Following record tourism figures for 2016, Itic is calling on politicians to support its call for more funding in the face of Brexit.
Irish inbound tourism is at record levels, counting more than 9.5m visitors last year, but with Brexit yet to bite the Irish Tourist Industry Confederation (Itic) wants ministers to be proactive in making sure the bubble won’t burst.
Itic has called for government support to the tune of €12m to replenish state marketing budgets and train operators to cope with any retrenchment. The Confederation has called for three quarters of the amount to go to marketing Ireland, both domestically and internationally, with the remainder used to make the tourism industry ready for Brexit.

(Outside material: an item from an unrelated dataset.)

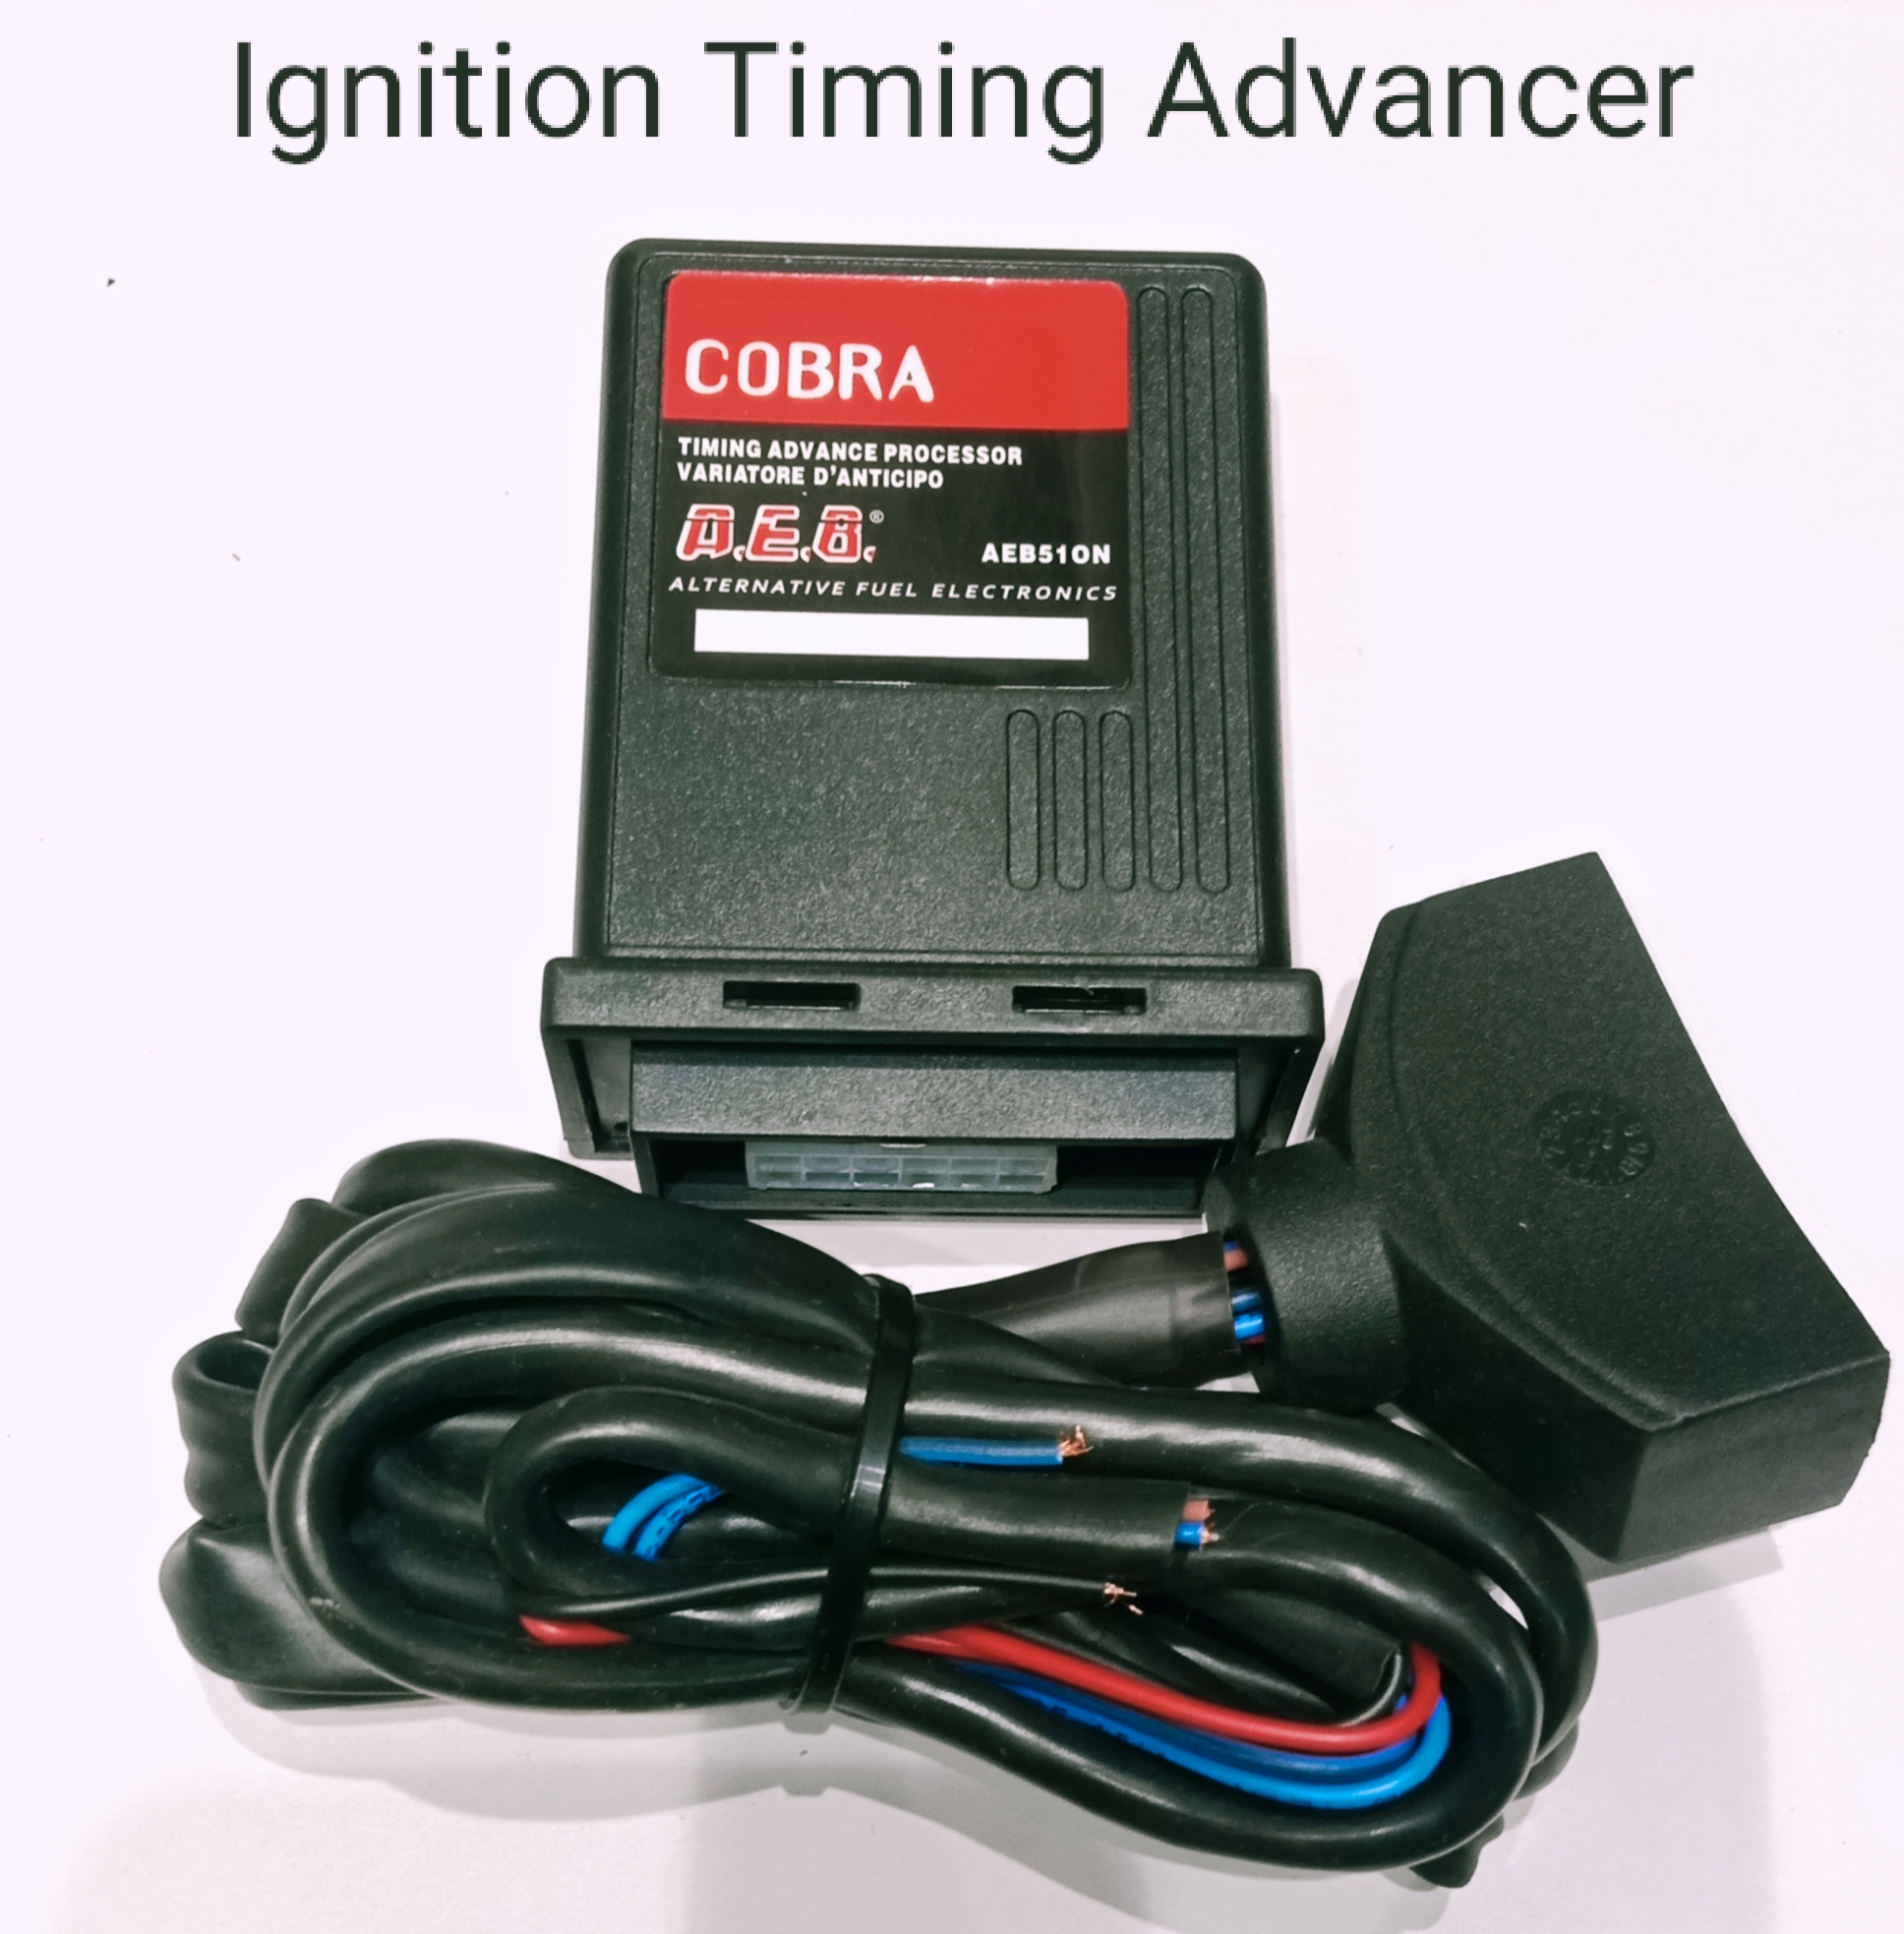 CNG Timing Advancer | Livon Gas Equipments | CNG Timing advancer, LPG Timing Advancer, CNG Sequential Kit in India - GLK3956

British visitors account for 40 percent of total inbound tourism to Ireland, spending €1.3bn, but Brexit has made it 15 percent more expensive for UK visitors to travel abroad.
Itic says the €8 billion industry is being “taken for granted” at cabinet level, and has queried why specific Brexit supports have been made available to other sectors, but not for the tourist industry.
Itic chief executive Eoghan O’Mara-Walsh said: “The tourism euro is as valuable as the euro earned by any other export sector and more valuable in the context that tourism is one of the few industries that can provide regional balance and sustainable local employment.”
Although official statistics highlight a prosperous industry, O’Mara-Walsh insisted there is already “anecdotal evidence” UK tourists are spending less. Itic also said survey data indicates a, “seven percent drop in outbound travel intentions” among UK holidaymakers, while 37 percent plan to spend less on future holidays.